Without the key you can't power the little ship or the big ship. Maybe only the pilot of the vessel or an engineer (which Christopher probably is) has knowledge of how to make the liquid that powers everything.
 
I've also read that the director said that D9 was more about contemporary issues in SA. But since it was based in apartheid-era S.A., I would've liked a mention of it.

It wasn't based in apartheid-era South Africa. It was based in modern day South Africa, with a few pieces of footage from apartheid-era South Africa (the aliens' initial arrival on Earth).

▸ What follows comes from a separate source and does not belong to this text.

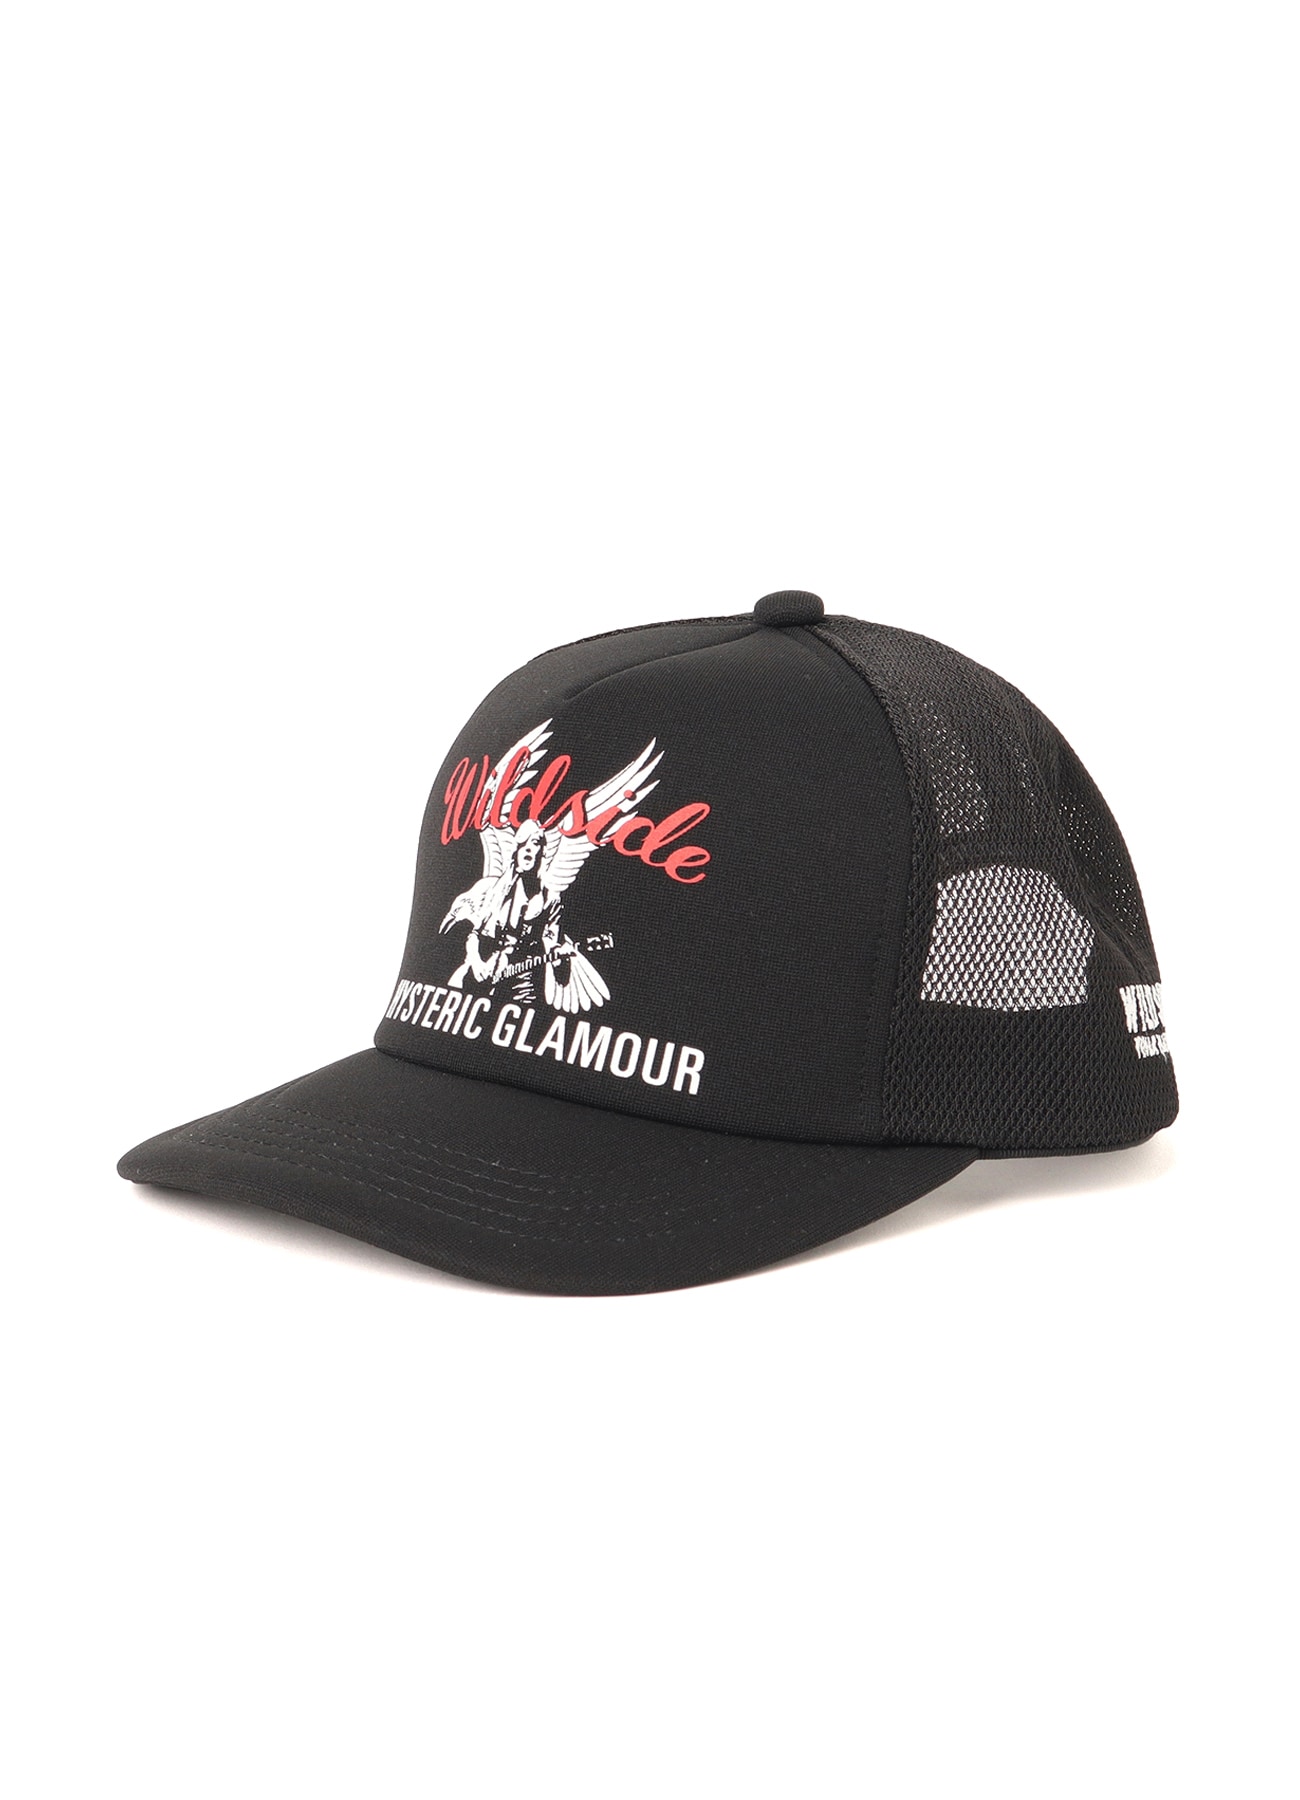 【4/20 12:00 Release】WILDSIDE × HYSTERIC GLAMOUR MESH CAP

I think you're partly right. I think the movie was based in an alternate reality where the apartheid system continued to the present day.
 
I've also read that the director said that D9 was more about contemporary issues in SA. But since it was based in apartheid-era S.A., I would've liked a mention of it.

It wasn't based in apartheid-era South Africa. It was based in modern day South Africa, with a few pieces of footage from apartheid-era South Africa (the aliens' initial arrival on Earth).

I think you're partly right. I think the movie was based in an alternate reality where the apartheid system continued to the present day.

Is there any evidence whatsoever that (human, not alien) apartheid was still going on in the present day in the movie?